Bringing Martian Chemistry to the Lab

Although atmospheric oxygen reacts with manganese to form manganese oxides on Earth, it’s not clear the same thing would happen on Mars.

Although atmospheric oxygen reacts with manganese to form manganese oxides on Earth, it’s not clear the same thing would happen on Mars. The reaction would have been much slower in the weakly acidic fluids of early Mars, Catalano said, and may not have happened at all depending on the conditions. What’s more, manganese oxides could have formed from compounds other than atmospheric oxygen, too.

“If we’re going to make interpretations about habitability, we want to do it with the best scientific foundation,” said Catalano. “And so, we set out to see…are there other chemical compounds that maybe could have made these things and that they aren’t actually indicators of substantial oxygen in the atmosphere?”

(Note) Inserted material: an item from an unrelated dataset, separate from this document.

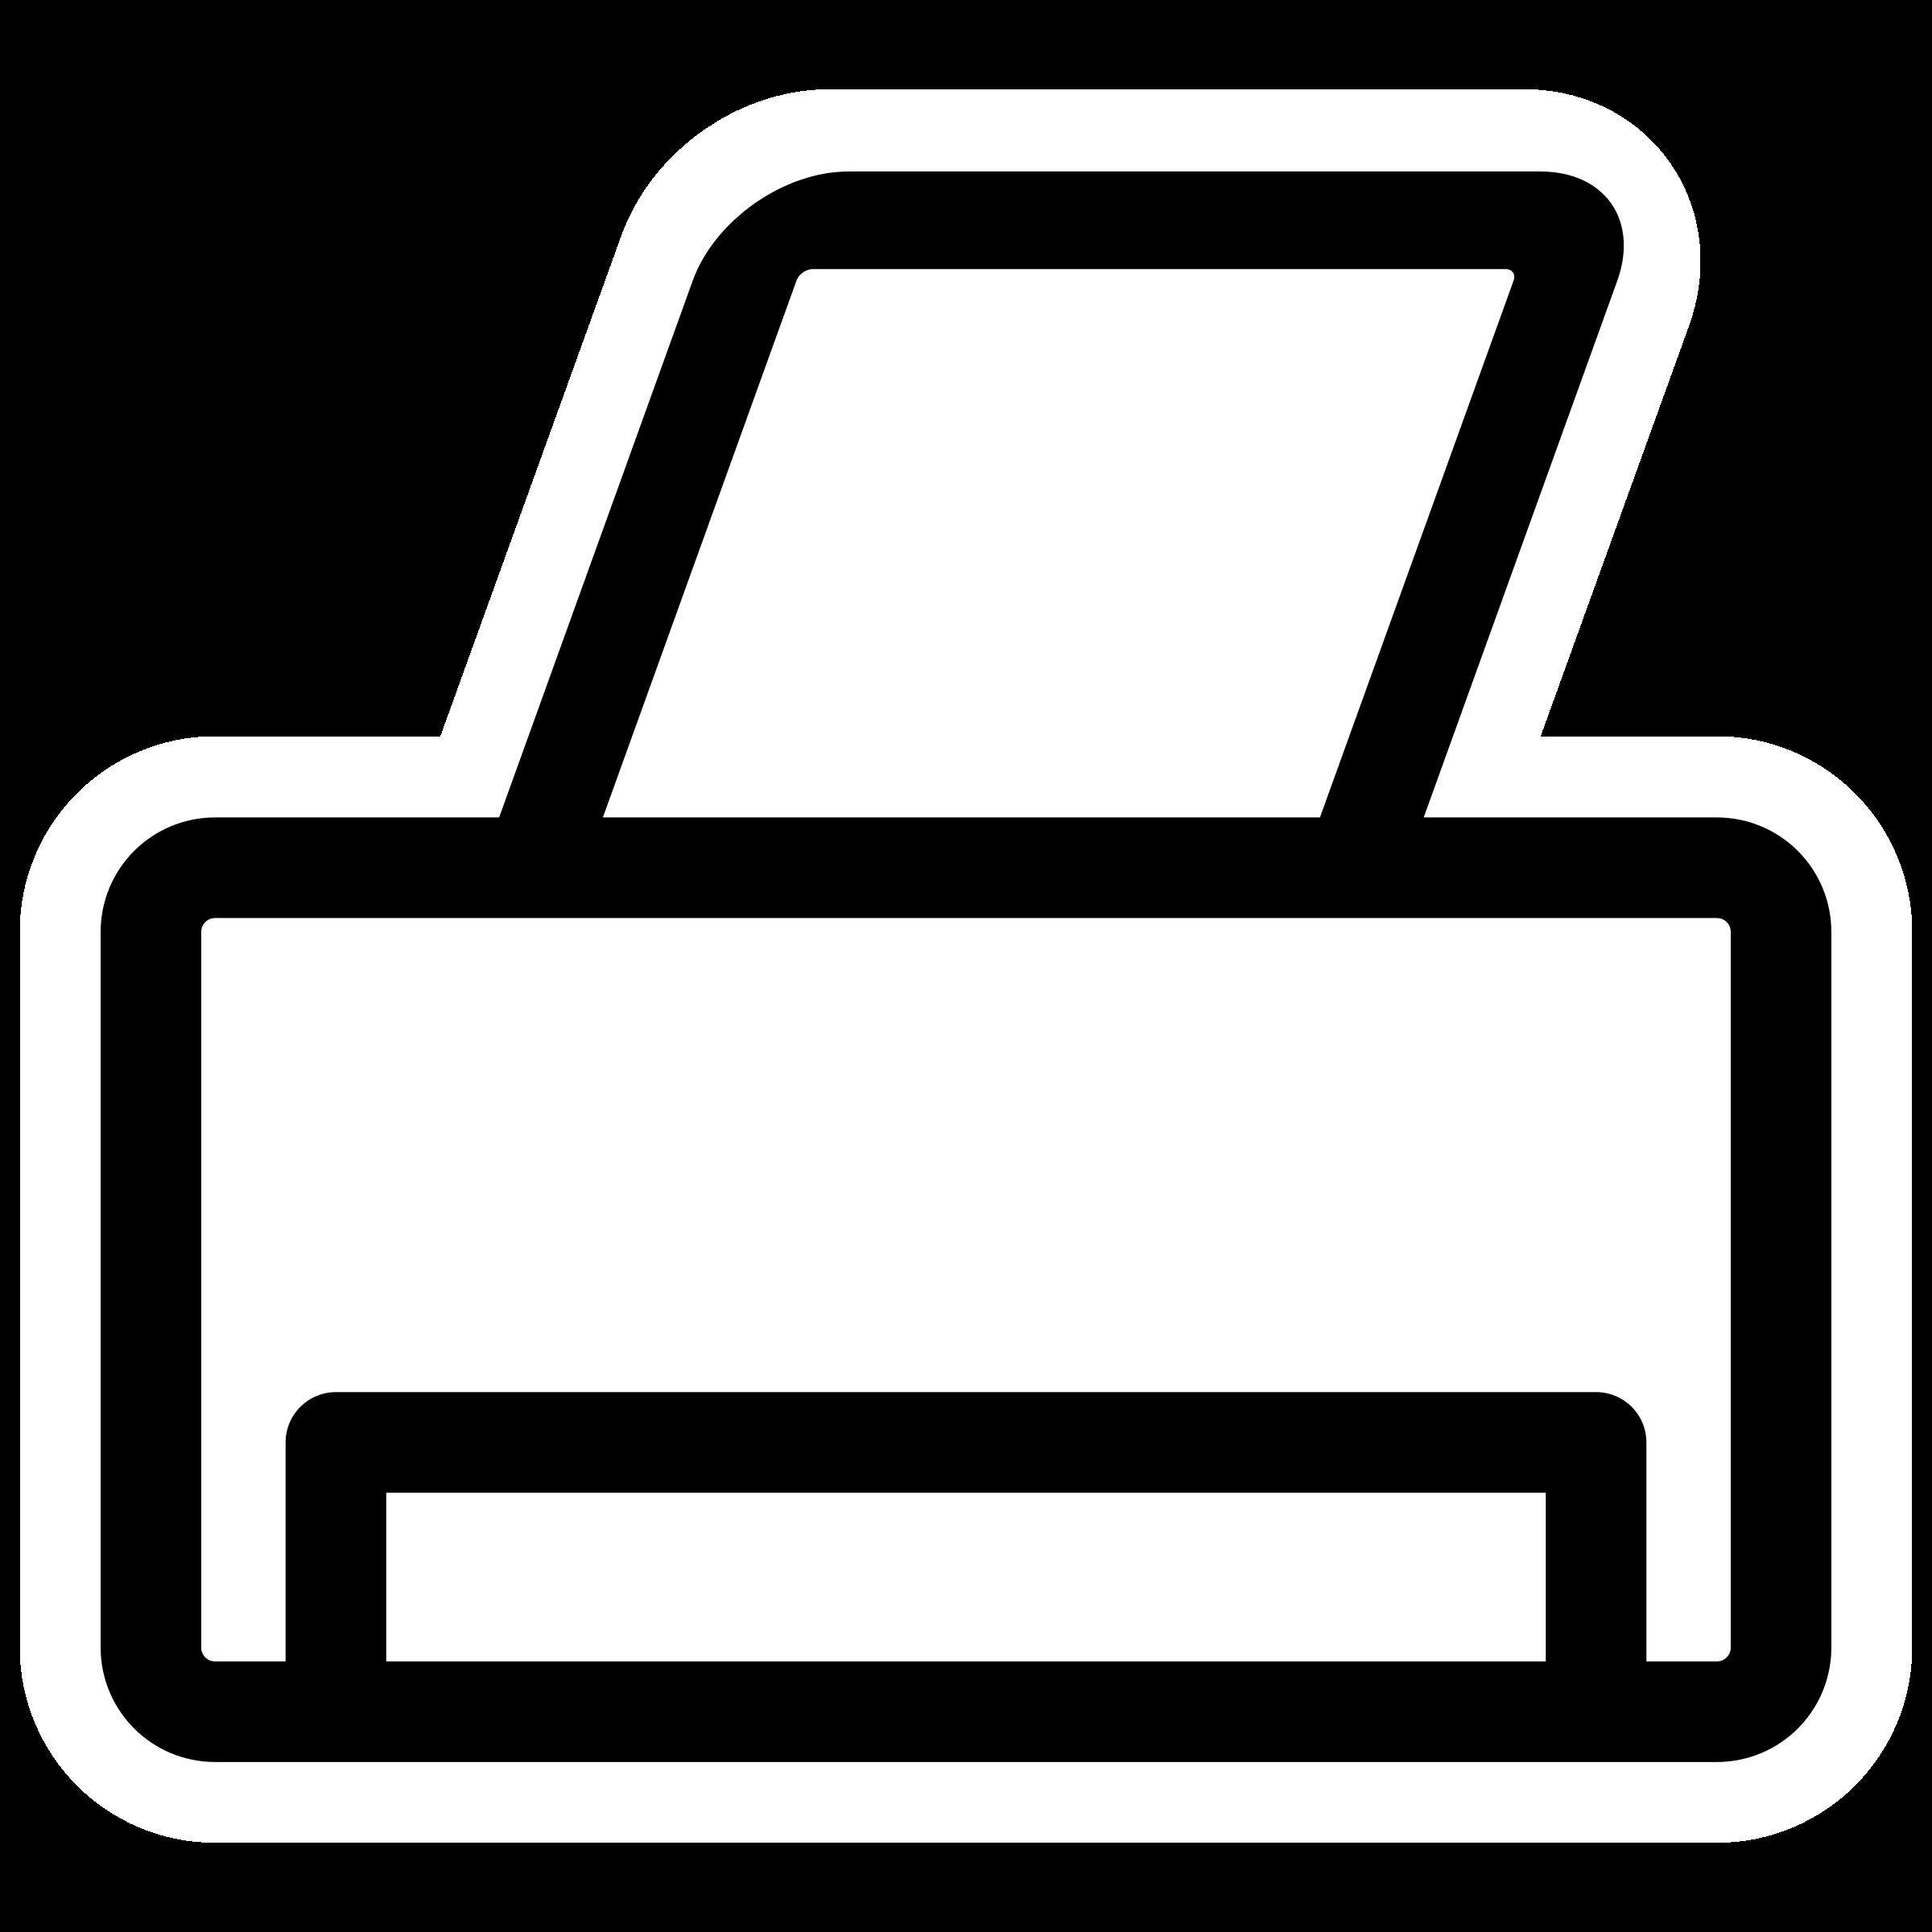 Printer Clipart.

Catalano and his team wondered whether more reactive chlorine- and bromine-containing chemicals called oxyhalogens might be responsible for Mars’s mysterious manganese oxides. Mars is rich in chlorine and bromine compared with Earth, and chlorates—a group of oxyhalogens that contain chlorine bound to three oxygen atoms—are abundant on the planet’s surface. It just wasn’t clear how readily these chemicals would produce manganese oxides in acidic fluids of early Mars.

To find out, the research team reacted manganese with the oxyhalogens chlorate and bromate in reaction chambers that mimicked the conditions on early Mars. They allowed reactions to go on for weeks, months, or even years.

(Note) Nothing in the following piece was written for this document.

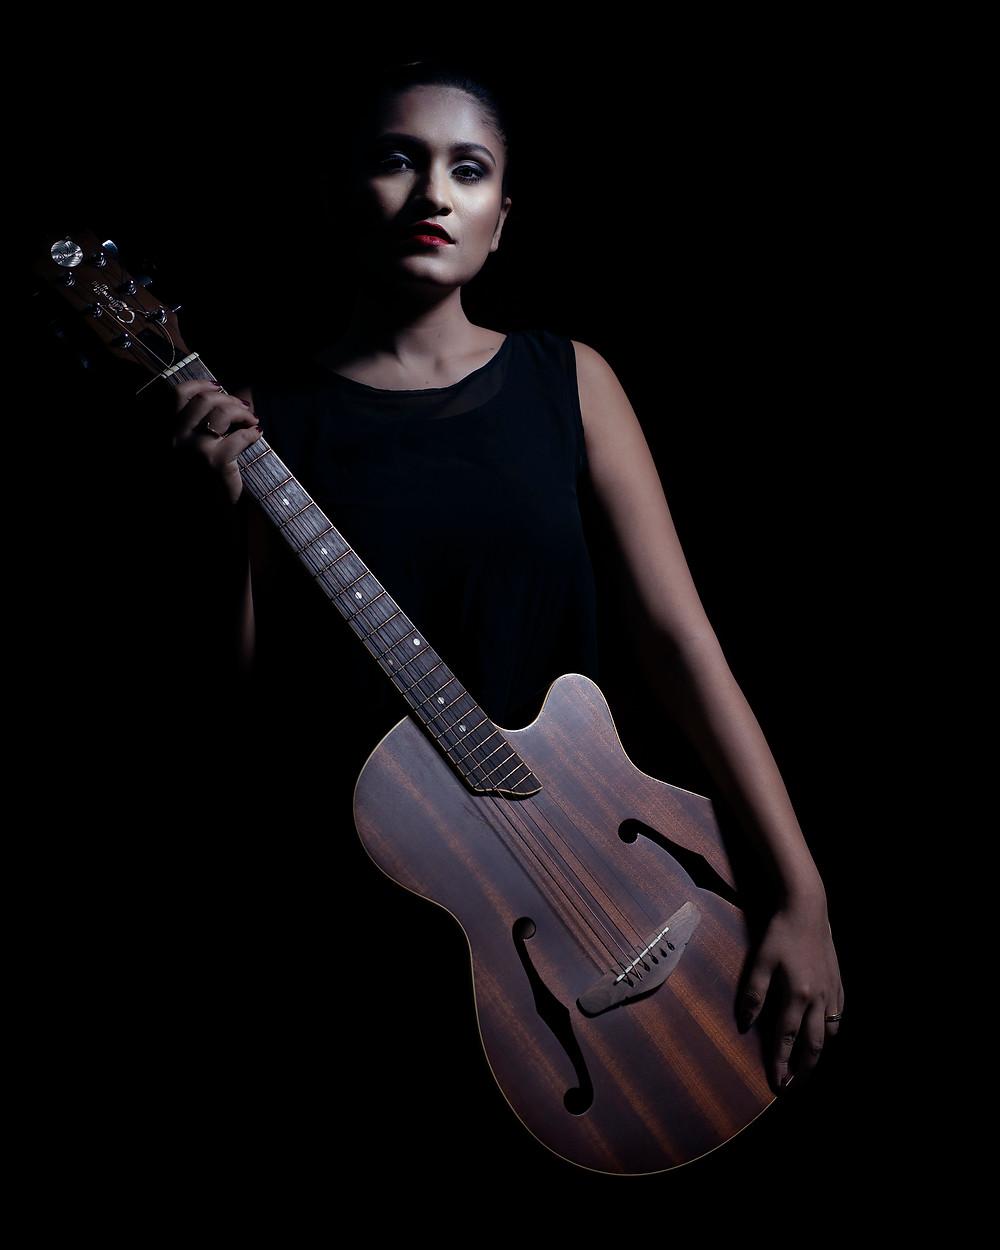 Model posing with guitar

Chlorate didn’t produce any manganese oxides within the time frame of the experiments. However, the reaction chambers containing bromate developed brownish-black veneers of manganese oxide minerals within 6–8 weeks. Under acidic conditions, bromate produced manganese oxides hundreds of thousands of times faster than oxygen.

Manganese Mystery

The findings mean that manganese oxides might not reflect atmospheric oxygen on Mars. But it’s still too early to say how exactly these minerals formed and what they say about the Red Planet’s ancient habitability.

There are several kinds of manganese oxides, and knowing which ones appear on Mars could hint at the conditions that produced them, said Liu. However, that probably won’t be possible until samples from Mars can be brought to Earth, she continued. Catalano agreed that sample return will be critical for decoding what manganese oxides mean for the Red Planet’s ancient habitability.

Finally, although chlorate is abundant on Mars, it didn’t produce manganese oxides quickly in Catalano’s experiments. Bromate worked much faster, but Lanza and Liu both said it’s not clear where bromate would come from on Mars—one possible source would be a reaction involving atmospheric oxygen.

“There are many potential pathways, and the Earth and Mars are not identical,” said Lanza, “so we do need to think broadly about it. Because of this really strong tie between life and manganese minerals, it’s a really important question to answer.”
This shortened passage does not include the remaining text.